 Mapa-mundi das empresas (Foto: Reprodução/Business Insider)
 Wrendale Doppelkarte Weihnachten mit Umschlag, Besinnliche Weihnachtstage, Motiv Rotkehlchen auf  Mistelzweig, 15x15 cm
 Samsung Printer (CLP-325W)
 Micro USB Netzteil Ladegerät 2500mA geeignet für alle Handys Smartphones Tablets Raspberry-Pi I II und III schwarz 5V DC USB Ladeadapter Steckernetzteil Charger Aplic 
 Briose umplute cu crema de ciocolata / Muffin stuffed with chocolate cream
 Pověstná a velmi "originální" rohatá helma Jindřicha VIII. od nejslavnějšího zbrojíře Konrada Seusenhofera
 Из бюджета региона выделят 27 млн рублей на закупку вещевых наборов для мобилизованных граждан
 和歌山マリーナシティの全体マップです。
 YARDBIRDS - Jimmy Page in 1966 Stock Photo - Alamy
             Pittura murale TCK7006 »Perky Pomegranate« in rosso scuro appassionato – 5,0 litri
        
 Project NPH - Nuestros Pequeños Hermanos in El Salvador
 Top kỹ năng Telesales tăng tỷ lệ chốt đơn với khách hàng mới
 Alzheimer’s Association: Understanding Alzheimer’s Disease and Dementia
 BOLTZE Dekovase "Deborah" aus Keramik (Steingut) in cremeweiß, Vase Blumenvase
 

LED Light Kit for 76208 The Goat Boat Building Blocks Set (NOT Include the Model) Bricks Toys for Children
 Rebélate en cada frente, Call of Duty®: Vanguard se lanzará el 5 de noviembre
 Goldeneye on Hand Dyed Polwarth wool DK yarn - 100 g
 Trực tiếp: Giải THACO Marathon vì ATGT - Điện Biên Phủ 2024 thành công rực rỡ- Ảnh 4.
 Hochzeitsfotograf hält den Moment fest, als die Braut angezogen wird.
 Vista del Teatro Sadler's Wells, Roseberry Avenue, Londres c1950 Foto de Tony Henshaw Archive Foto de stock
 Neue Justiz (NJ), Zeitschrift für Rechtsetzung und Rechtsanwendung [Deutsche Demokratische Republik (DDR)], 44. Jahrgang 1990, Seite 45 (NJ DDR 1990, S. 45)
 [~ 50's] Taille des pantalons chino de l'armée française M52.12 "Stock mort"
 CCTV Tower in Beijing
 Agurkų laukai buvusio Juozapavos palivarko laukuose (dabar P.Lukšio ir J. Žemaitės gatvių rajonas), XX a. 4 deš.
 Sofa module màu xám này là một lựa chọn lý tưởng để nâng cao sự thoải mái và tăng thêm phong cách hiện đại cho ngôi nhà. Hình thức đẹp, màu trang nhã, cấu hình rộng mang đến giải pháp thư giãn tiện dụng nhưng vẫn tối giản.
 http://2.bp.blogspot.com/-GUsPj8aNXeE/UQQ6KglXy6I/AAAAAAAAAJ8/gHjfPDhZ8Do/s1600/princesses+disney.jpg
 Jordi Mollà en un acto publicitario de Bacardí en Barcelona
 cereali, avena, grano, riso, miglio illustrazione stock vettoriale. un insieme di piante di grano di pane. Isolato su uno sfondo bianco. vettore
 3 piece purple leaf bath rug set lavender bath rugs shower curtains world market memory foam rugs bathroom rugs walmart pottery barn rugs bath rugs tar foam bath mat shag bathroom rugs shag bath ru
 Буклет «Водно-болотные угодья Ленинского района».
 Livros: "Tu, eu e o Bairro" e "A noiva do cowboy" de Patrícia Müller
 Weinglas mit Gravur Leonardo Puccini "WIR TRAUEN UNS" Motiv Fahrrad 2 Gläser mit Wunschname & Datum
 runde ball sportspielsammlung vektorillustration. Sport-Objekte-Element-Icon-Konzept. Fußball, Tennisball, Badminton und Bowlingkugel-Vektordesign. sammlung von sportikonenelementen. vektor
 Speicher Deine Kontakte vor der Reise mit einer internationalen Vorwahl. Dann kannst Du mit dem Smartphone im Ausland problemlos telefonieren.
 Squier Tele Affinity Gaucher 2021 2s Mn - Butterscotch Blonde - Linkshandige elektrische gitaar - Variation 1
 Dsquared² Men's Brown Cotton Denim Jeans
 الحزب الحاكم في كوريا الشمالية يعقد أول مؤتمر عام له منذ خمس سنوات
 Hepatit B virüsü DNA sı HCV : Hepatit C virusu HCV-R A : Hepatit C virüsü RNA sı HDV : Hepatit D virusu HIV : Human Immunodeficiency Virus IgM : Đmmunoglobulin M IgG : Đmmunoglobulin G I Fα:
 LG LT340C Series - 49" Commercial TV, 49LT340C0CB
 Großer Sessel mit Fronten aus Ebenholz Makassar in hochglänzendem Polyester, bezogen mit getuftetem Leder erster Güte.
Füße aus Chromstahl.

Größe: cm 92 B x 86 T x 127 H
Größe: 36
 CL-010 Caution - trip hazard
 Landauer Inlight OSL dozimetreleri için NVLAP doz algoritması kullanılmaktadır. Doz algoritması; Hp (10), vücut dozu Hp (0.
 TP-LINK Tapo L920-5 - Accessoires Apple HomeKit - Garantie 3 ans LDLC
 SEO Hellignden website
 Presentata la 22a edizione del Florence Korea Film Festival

● ● ● ● ●

TASK TO COMPLETE:
Restate word for word the lines above, beginning at the first one and ending at the line that carries "Micro USB Netzteil".

TASK ANSWER:
 Mapa-mundi das empresas (Foto: Reprodução/Business Insider)
 Wrendale Doppelkarte Weihnachten mit Umschlag, Besinnliche Weihnachtstage, Motiv Rotkehlchen auf  Mistelzweig, 15x15 cm
 Samsung Printer (CLP-325W)
 Micro USB Netzteil Ladegerät 2500mA geeignet für alle Handys Smartphones Tablets Raspberry-Pi I II und III schwarz 5V DC USB Ladeadapter Steckernetzteil Charger Aplic 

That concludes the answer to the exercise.